HOW TO COMPLETE THIS TASK >> Images in the data are to be skipped, while every line is restated exactly as written.

DATASET EXTRACT >>
====

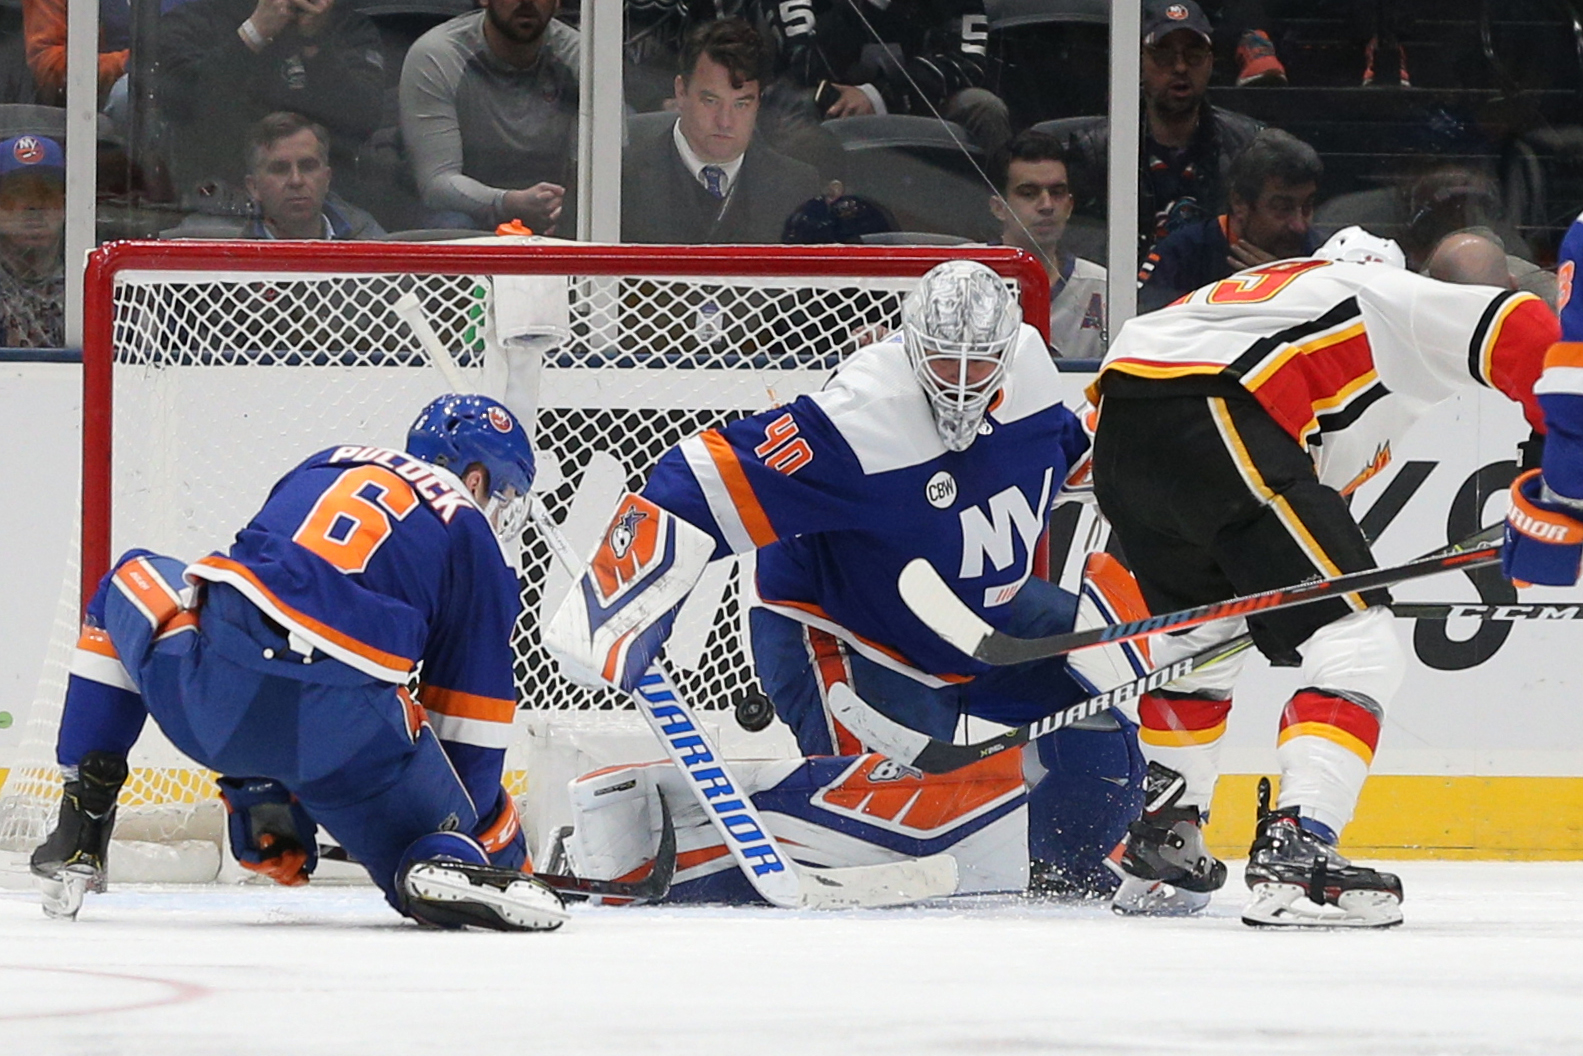 Feb 26, 2019; Uniondale, NY, USA; Calgary Flames left wing Matthew Tkachuk (19) scores a goal against New York Islanders goalie Robin Lehner (40) during the second period at Nassau Veterans Memorial Coliseum. Mandatory Credit: Brad Penner-USA TODAY Sports
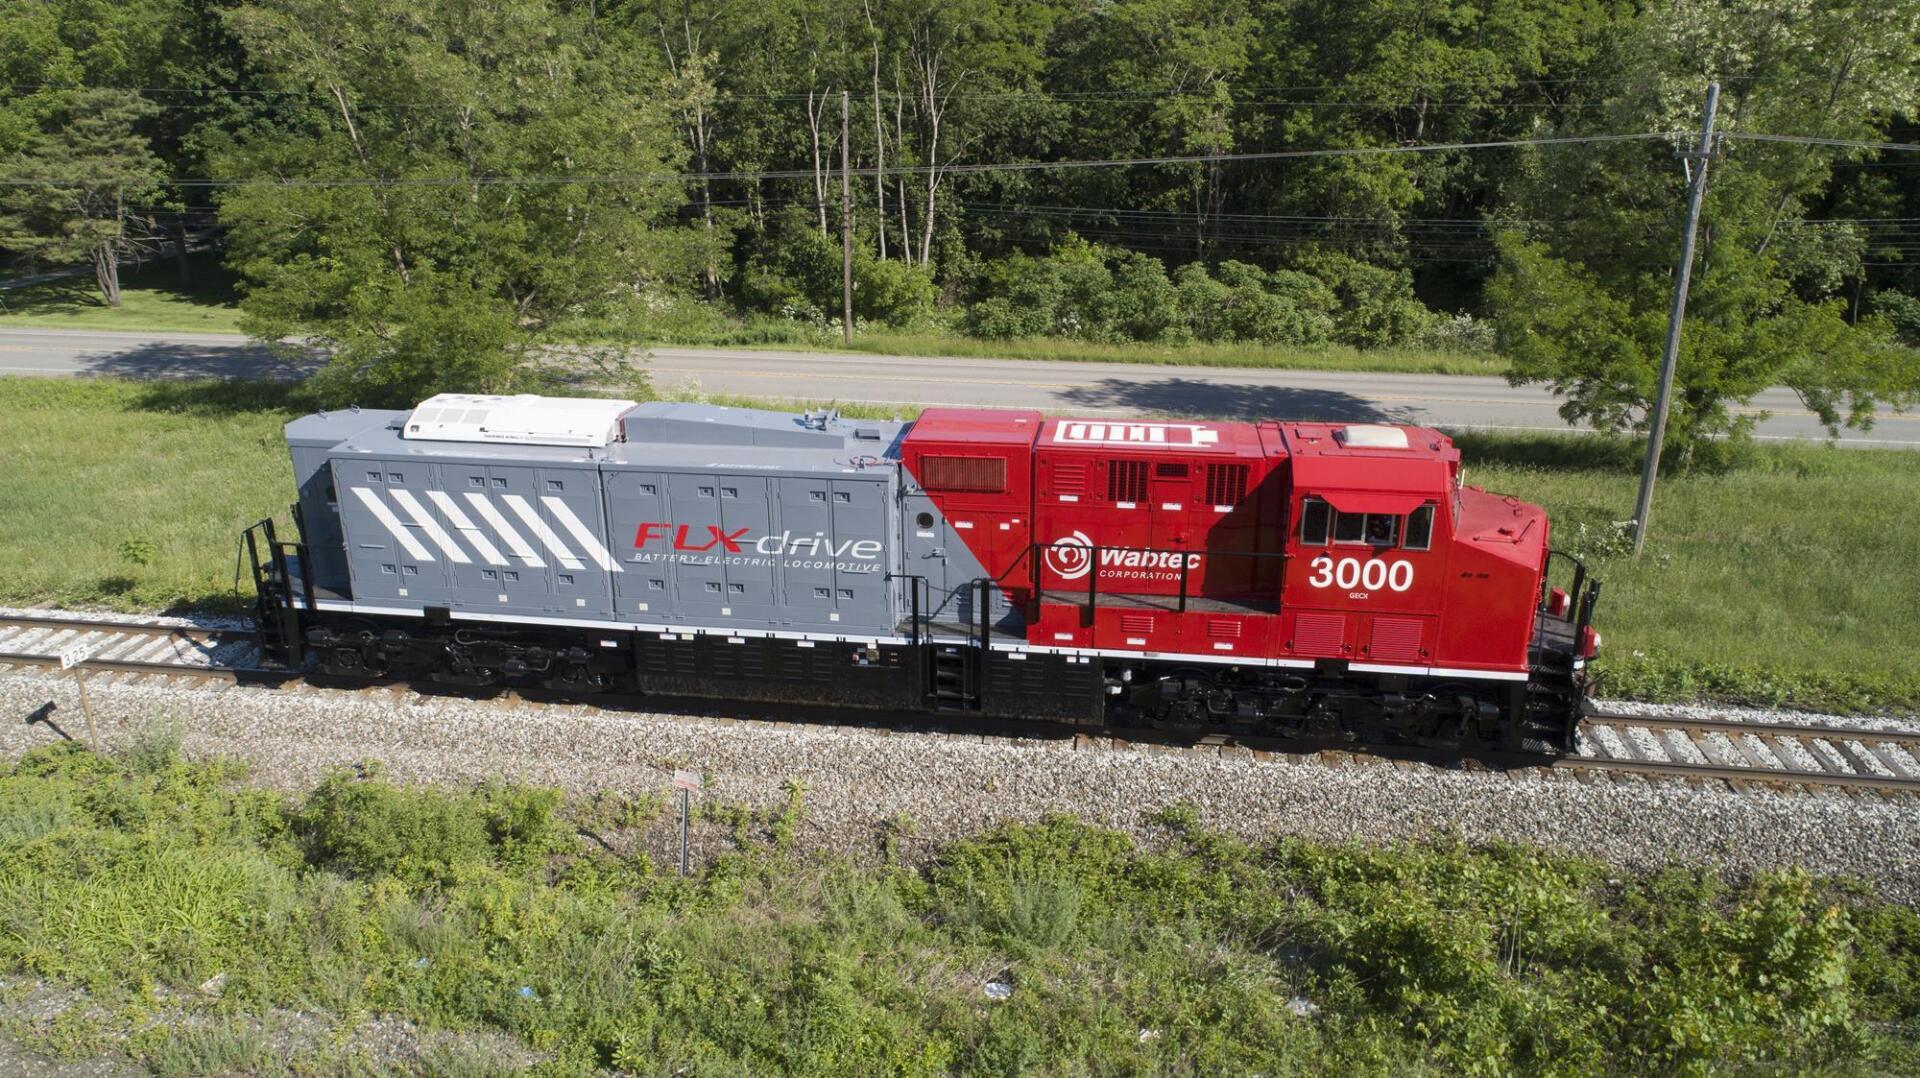 First battery-electric freight train: The Wabtec Corporation sets world record
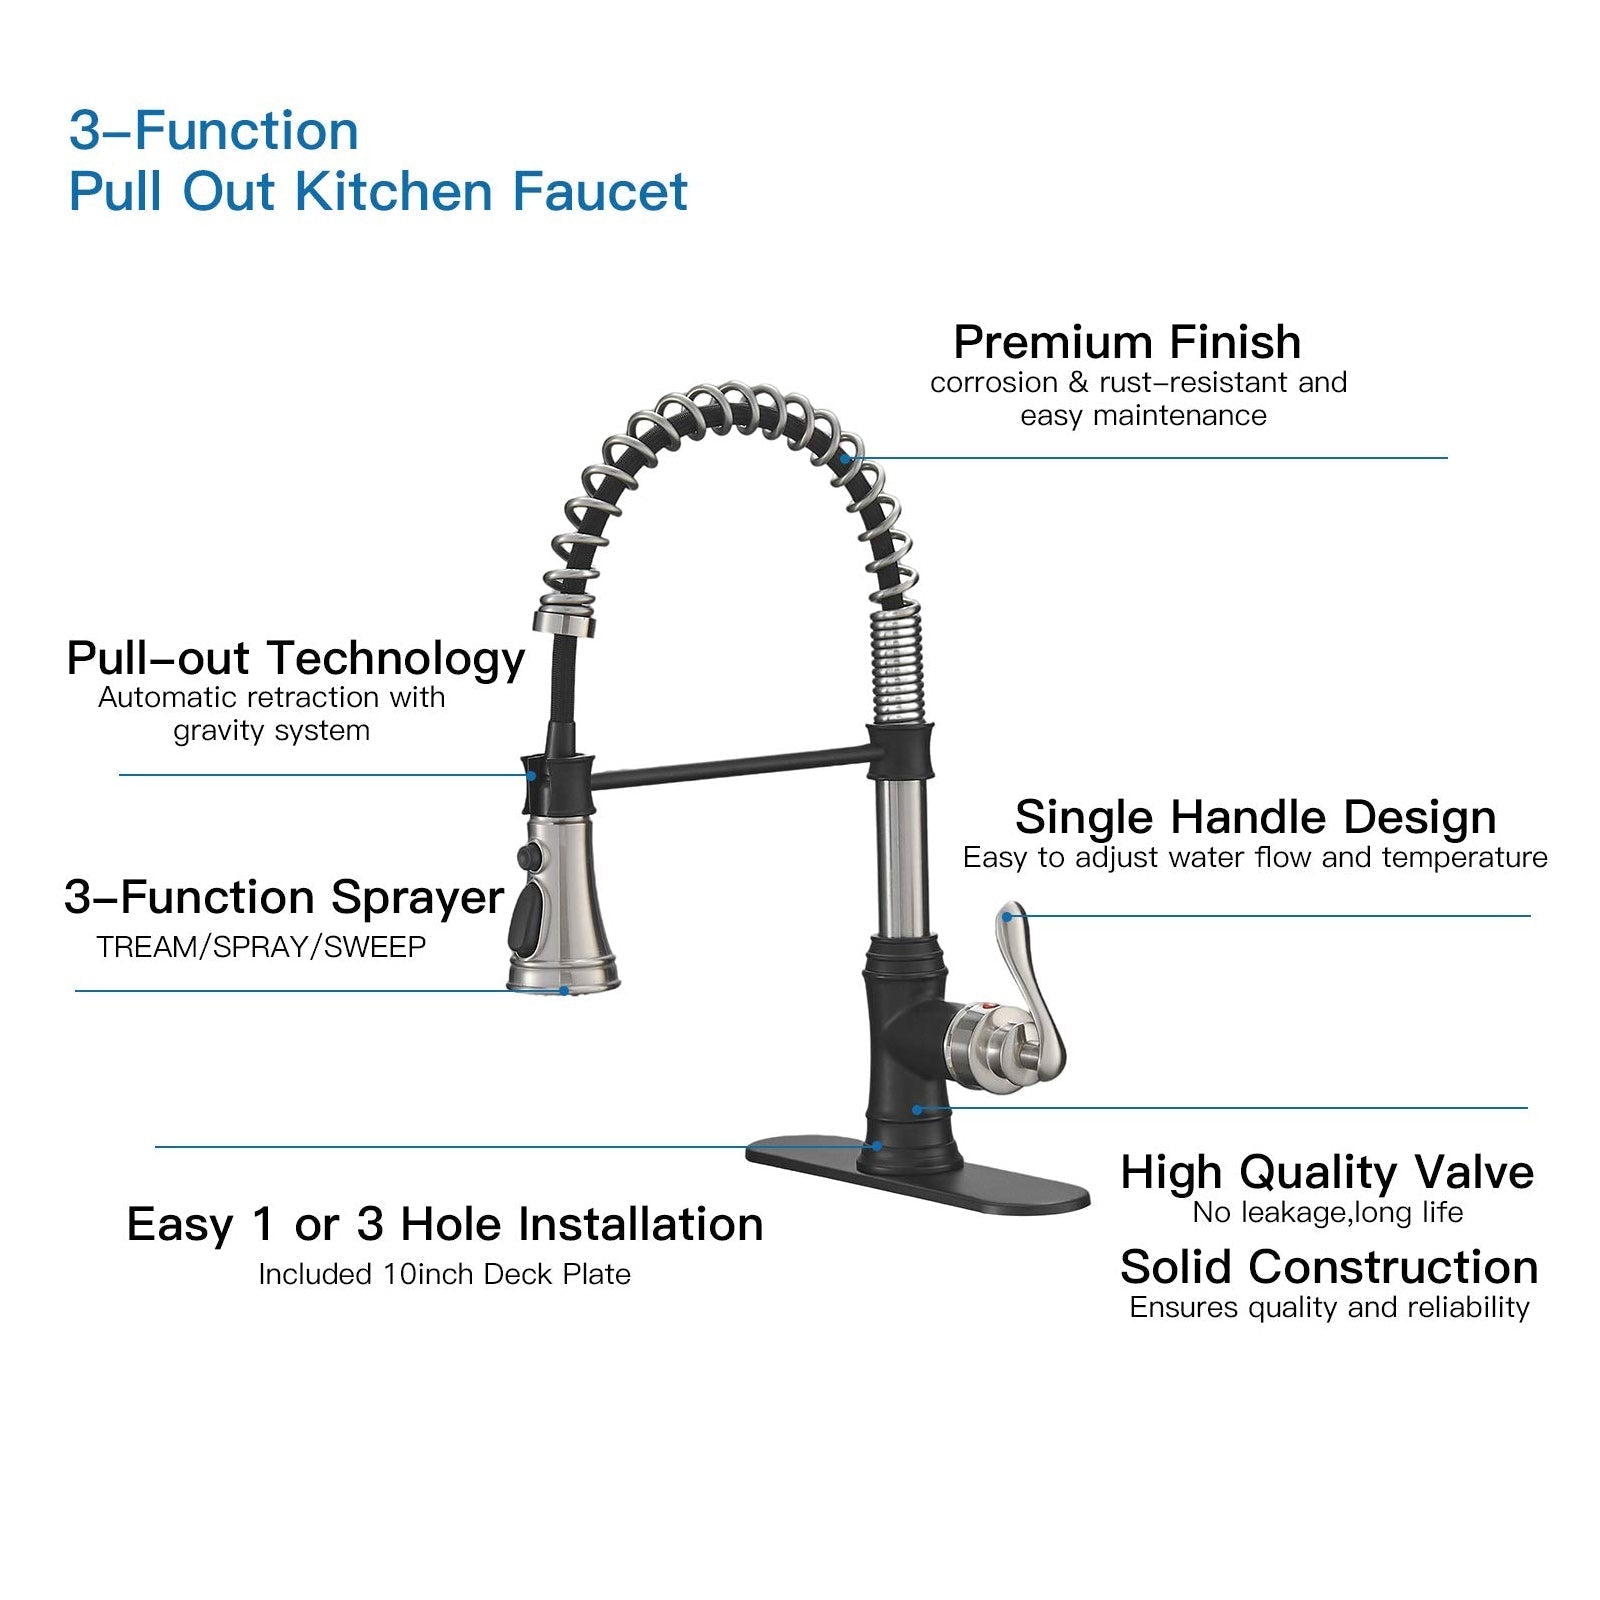 Pull-Down Sprayer 3 Spray Kitchen Faucet Brushed Bronze - buyfaucet.com

====

OUTPUT BELOW >>
 Feb 26, 2019; Uniondale, NY, USA; Calgary Flames left wing Matthew Tkachuk (19) scores a goal against New York Islanders goalie Robin Lehner (40) during the second period at Nassau Veterans Memorial Coliseum. Mandatory Credit: Brad Penner-USA TODAY Sports
 First battery-electric freight train: The Wabtec Corporation sets world record
 Pull-Down Sprayer 3 Spray Kitchen Faucet Brushed Bronze - buyfaucet.com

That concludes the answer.